На полу в спальне мальчиков лежал абсолютно голый Игорь, из его рассеченных запястий сочилась кровь. Екатерина рухнула на колени. Стягиваясь из углов комнаты, дети стали медленно обступать Игоря. Они смотрели на товарища со странным интересом.

В окно бил ветер, по затемненному на ночь стеклу стучали капли. Тени бродили снаружи, ломились в дом. Окружающий мир давил кольцом новых опасностей.

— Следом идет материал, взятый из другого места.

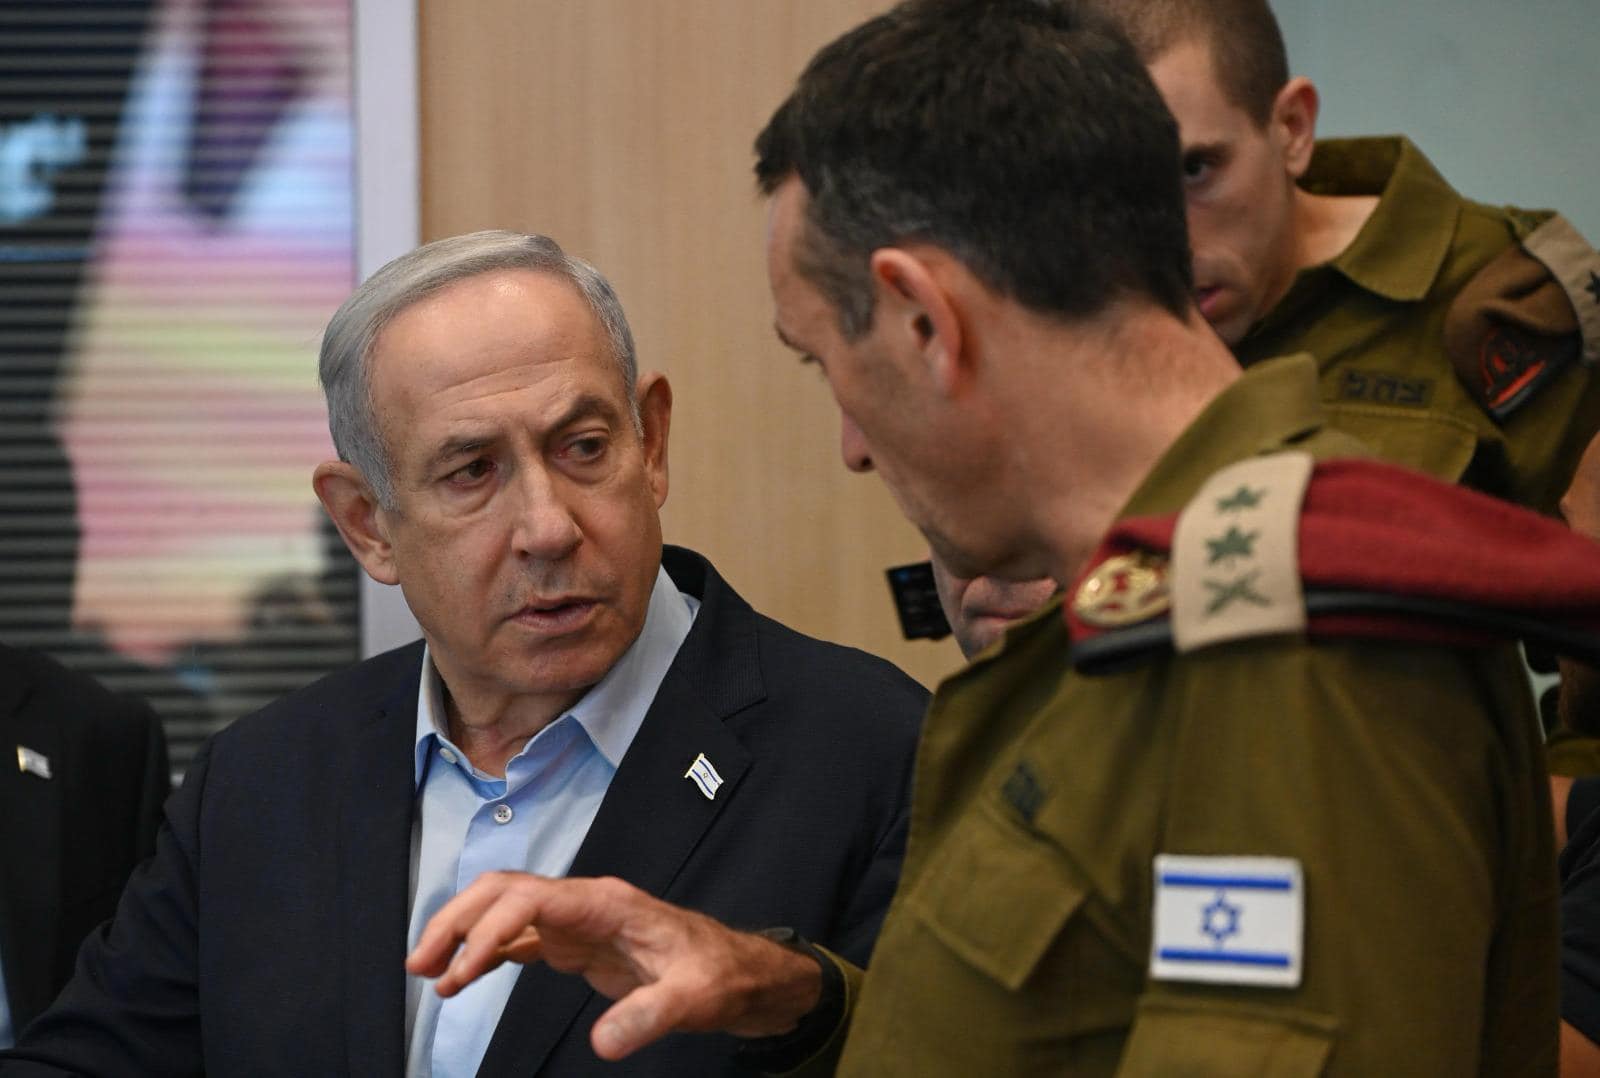 “Cualquiera que nos ataque, nosotros lo golpearemos”, dice Netanyahu en alusión a Irán
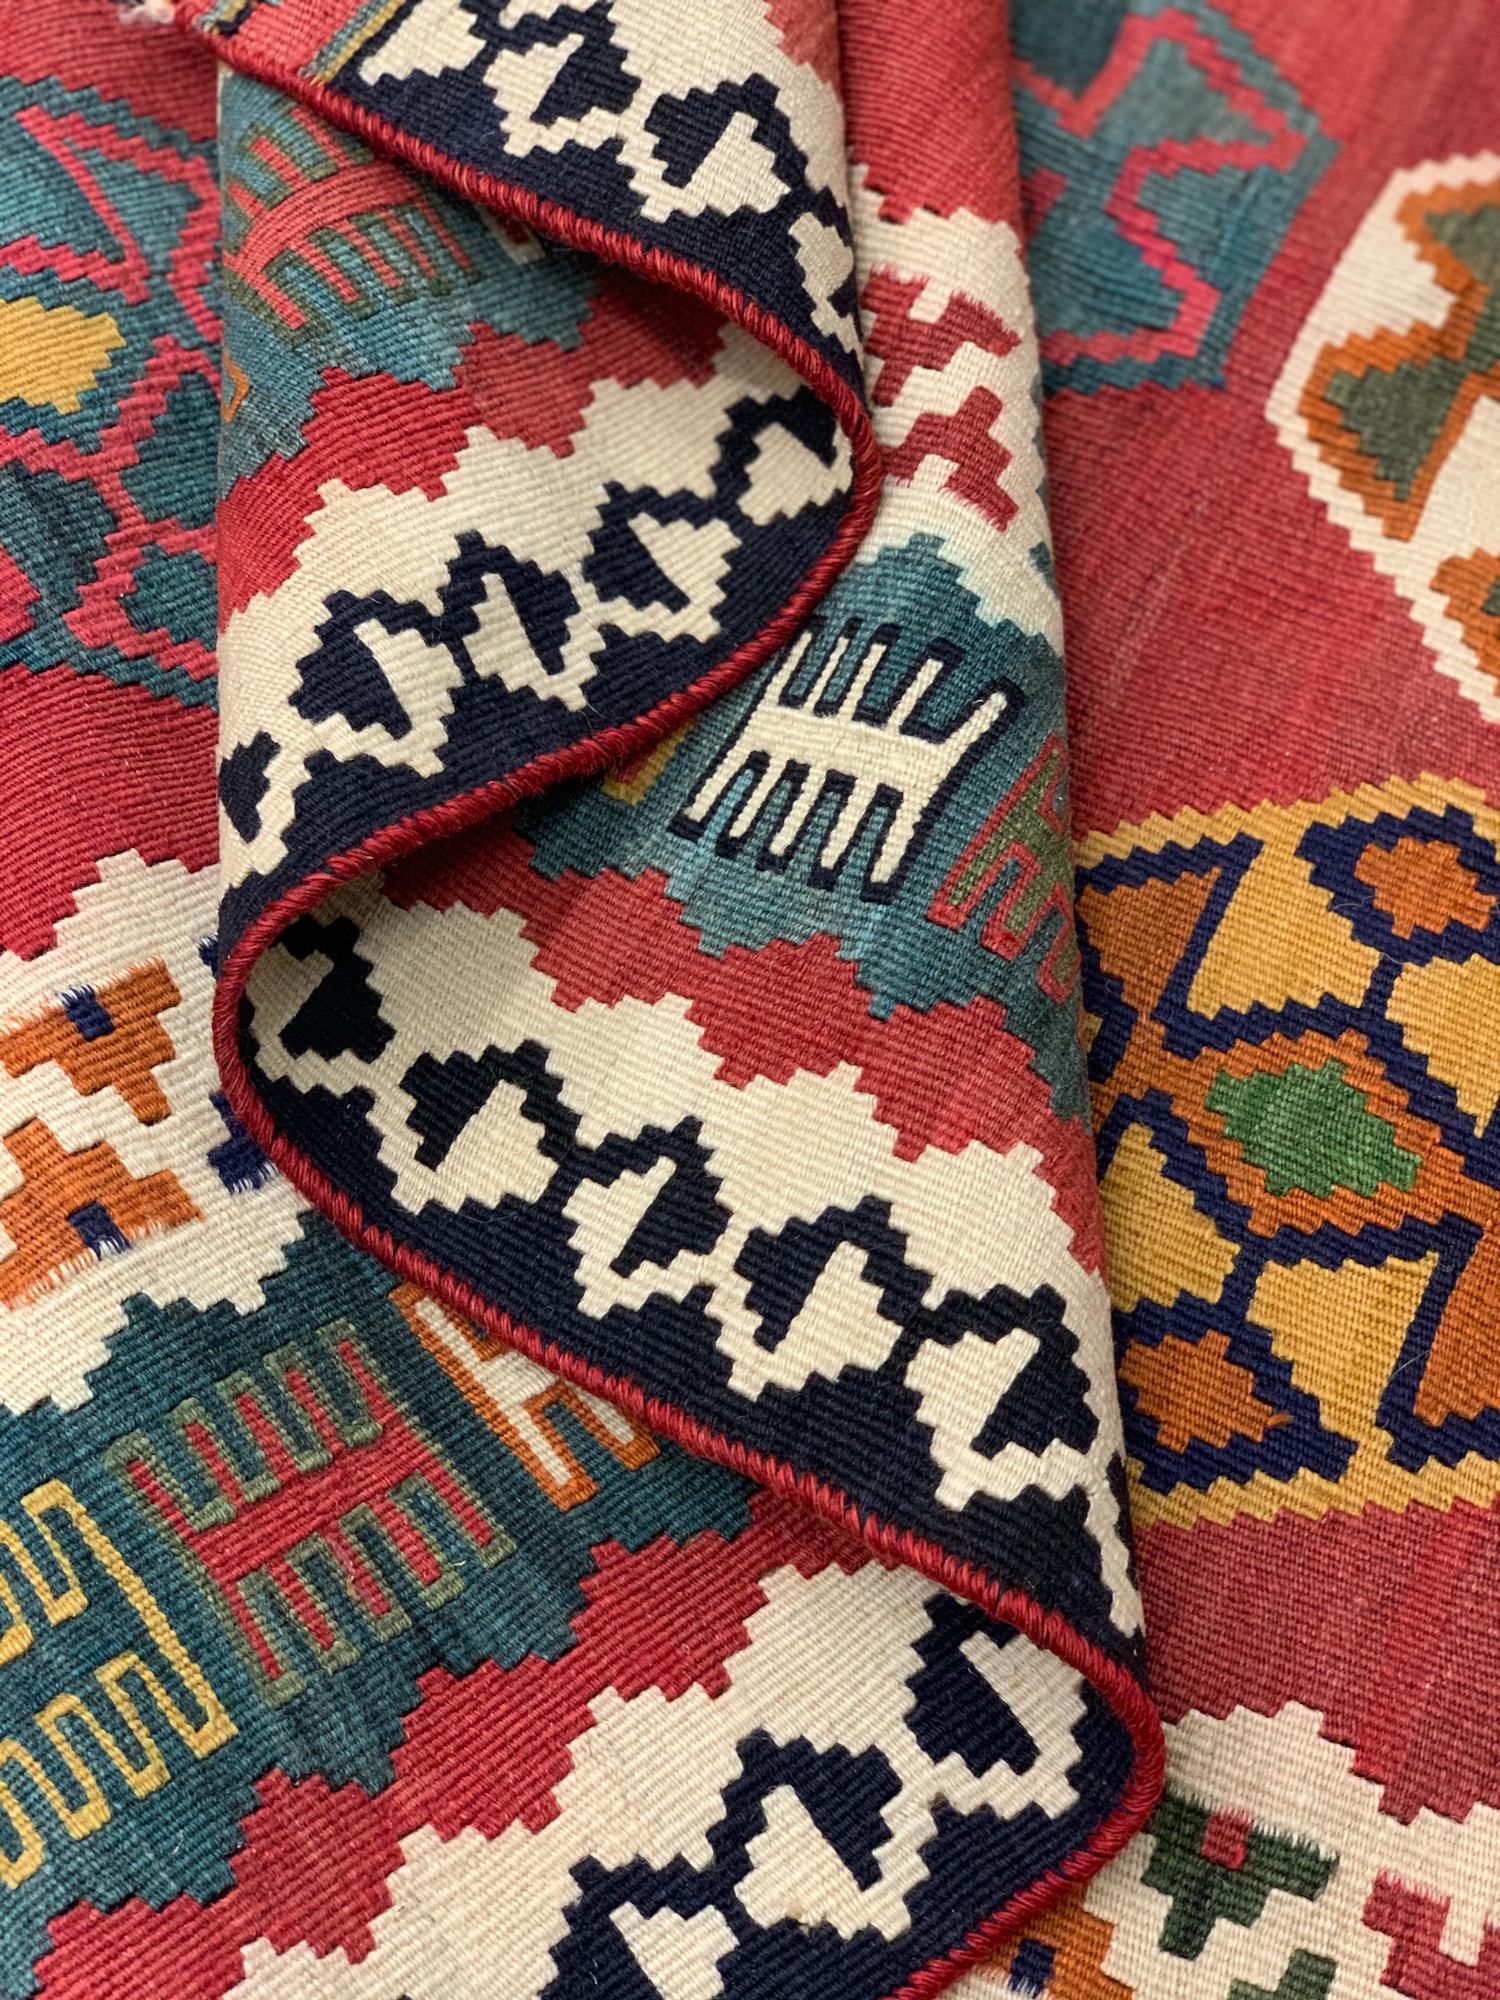 20th Century Antique Kilim Rugs for Sale Caucasian Kilims Carpet  For Sale

– Расступись. Что встали, как бараны! Пошли вон! – Николай протискивался сквозь детей.

В руках он держал одноразовый таз, тряпку, аптечку и стакан вина. Николай бросил таз и тряпку Екатерине, та стала собирать кровь. Уверенными движениями он перевязал руки Игоря, попытался влить в бесцветный рот стакан вина. Игорь, захлебываясь и плюясь, сделал несколько глотков.

– Так ему и надо! – сказал кто-то из детей.

– Молчать! – рявкнул Николай.

Екатерина бросилась следом за Николаем, который уносил на руках обмякшее тело Игоря. Самоубийца был бледен, шея неестественно изогнулась, глаза глубоко ушли под надбровную кость.


В больнице, около палаты Эльзы, Игорь очнулся, поднял голову и протянул вперед тонкую, неживую руку. Медбрат уложил его обратно на каталку и сделал укол успокоительного. После того как молодому человеку влили обратно его же собранную с пола, очищенную кровь и пол-литра синтетической, его жизнь оказалась вне опасности.

Екатерине выдали длинный список того, что мальчик должен пить и есть, и строго предупредили:

– Если подобное повторится, мы будем вынуждены обратиться в министерство по надсмотру за нравственностью белых.

– Не повторится, – отрезал Николай, сопровождавший Екатерину.

Екатерина уныло взглянула на внушительный чек. Ей вернули немногочисленные вещи Игоря, помимо одежды – старый билет в художественный музей, резиновых львов и ампулу на шнурке.

– До свидания, – сказал медбрат. И уже в дверях добавил более человечным, не взятым напрокат голосом: – Вам невероятно повезло, что главврачиха занята. Сейчас идут две сложные операции. Она у нас дама дотошная – всю душу бы из вас вытрясла.


Не прошло и двух часов, как Екатерина опять стояла посреди спальни мальчиков. Ей отчаянно хотелось выпить. Дети мирно спали. Шарить по их тумбочках в поисках спиртного показалось вульгарным. Она потопталась на месте и уже повернулась к выходу из комнаты, как наткнулась на Николая. Он нагло, даже с каким-то превосходством разглядывал ее.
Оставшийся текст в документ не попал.